Background: The peculiarities of transverse tubule (T-tubule) morphology and distribution in the atrium-and how they contribute to excitation-contraction coupling-are just beginning to be understood.
Objectives: The objectives of this study were to determine T-tubule density in the intact, live right and left atria in a large animal and to determine intraregional differences in T-tubule organization within each atrium.
Methods: Using confocal microscopy, T-tubules were imaged in both atria in intact, Langendorf-perfused normal dog hearts loaded with di-4-ANEPPS. T-tubules were imaged in large populations of myocytes from the endocardial surface of each atrium. Computerized data analysis was performed using a new MatLab (Mathworks, Natick, MA) routine, AutoTT.

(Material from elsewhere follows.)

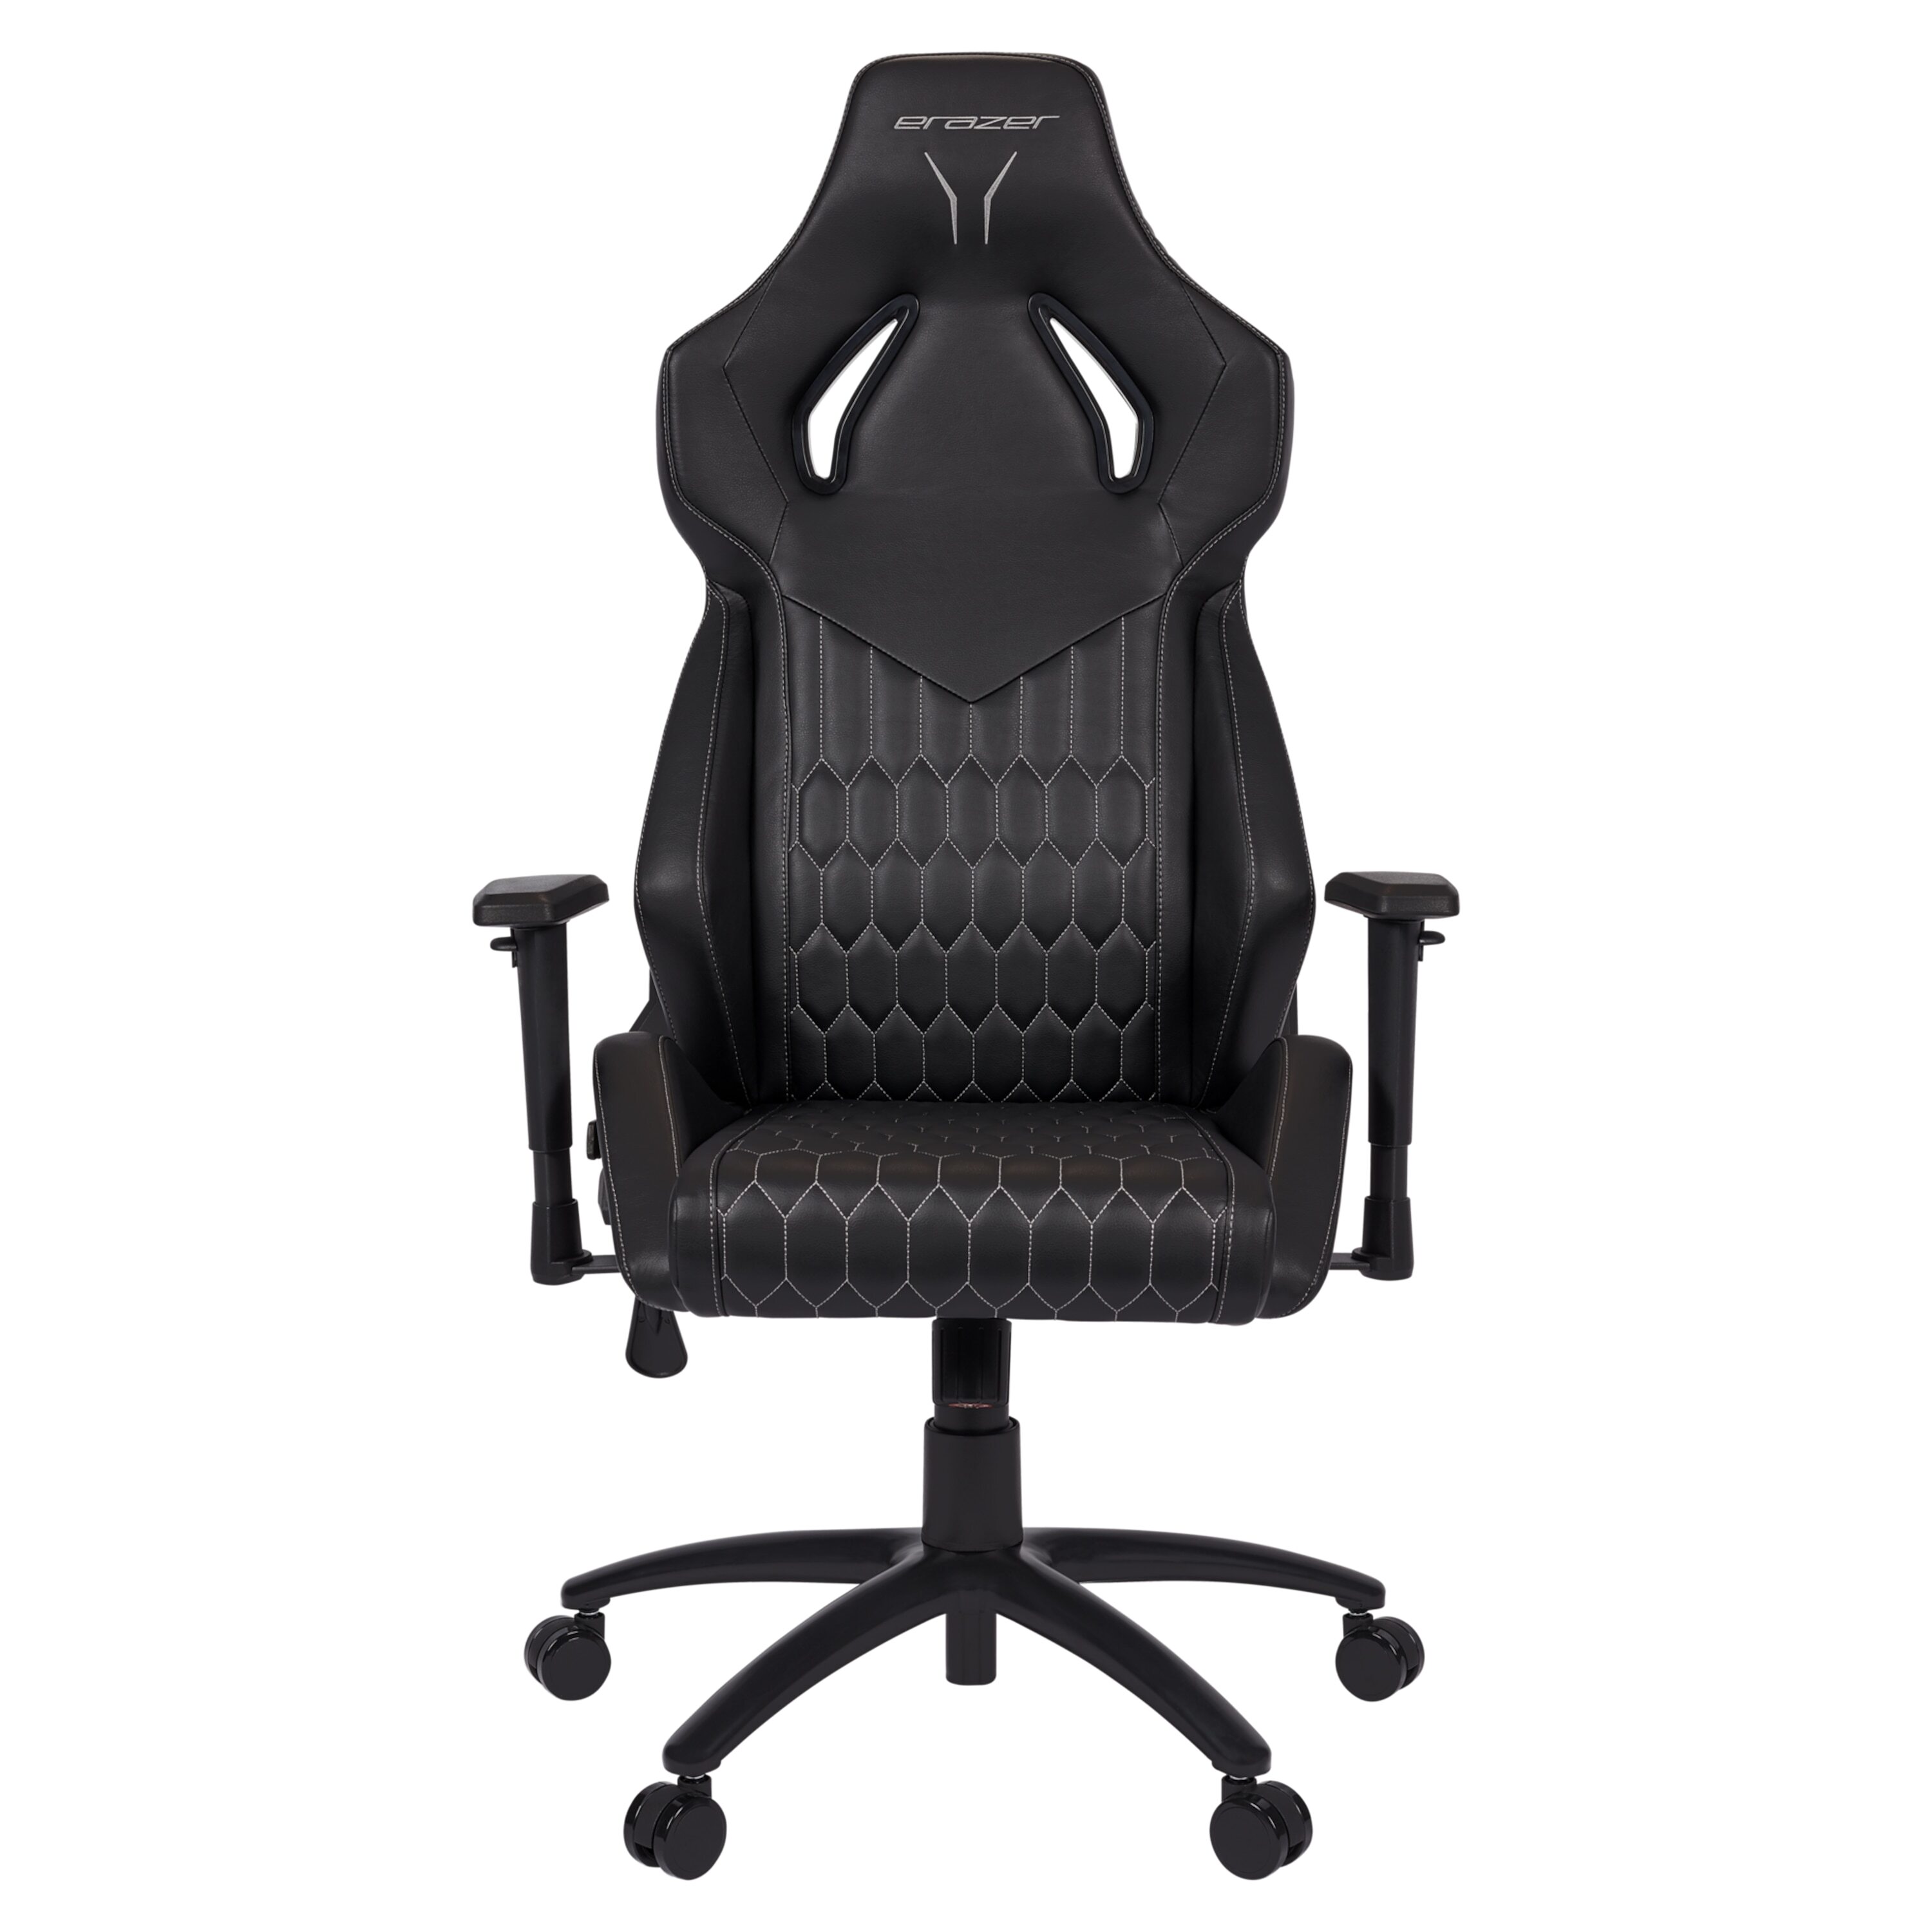 Medion ERAZER Druid P10 Gaming stoel | hoog zitcomfort | sportieve look | hoogwaardige materialen & ergonomisch ondersteunde zitpositie

Results: There was a large percentage of myocytes that had no T-tubules in both atria with a higher percentage in the right atrium (25.1%) than in the left atrium (12.5%) (P < .02). The density of transverse and longitudinal T-tubule elements was low in cells that did contain T-tubules, but there were no significant differences in density between the left atrial appendage, the pulmonary vein-posterior left atrium, the right atrial appendage, and the right atrial free wall. In contrast, there were significant differences in sarcomere spacing and cell width between different regions of the atria.
Conclusion: There is a sparse T-tubule network in atrial myocytes throughout both dog atria, with significant numbers of myocytes in both atria-the right atrium more so than the left atrium-having no T-tubules at all. These regional differences in T-tubule distribution, along with differences in cell width and sarcomere spacing, may have implications for the emergence of substrate for atrial fibrillation.
Keywords: Atrium; Left atrial appendage; Posterior left atrium; T-tubules.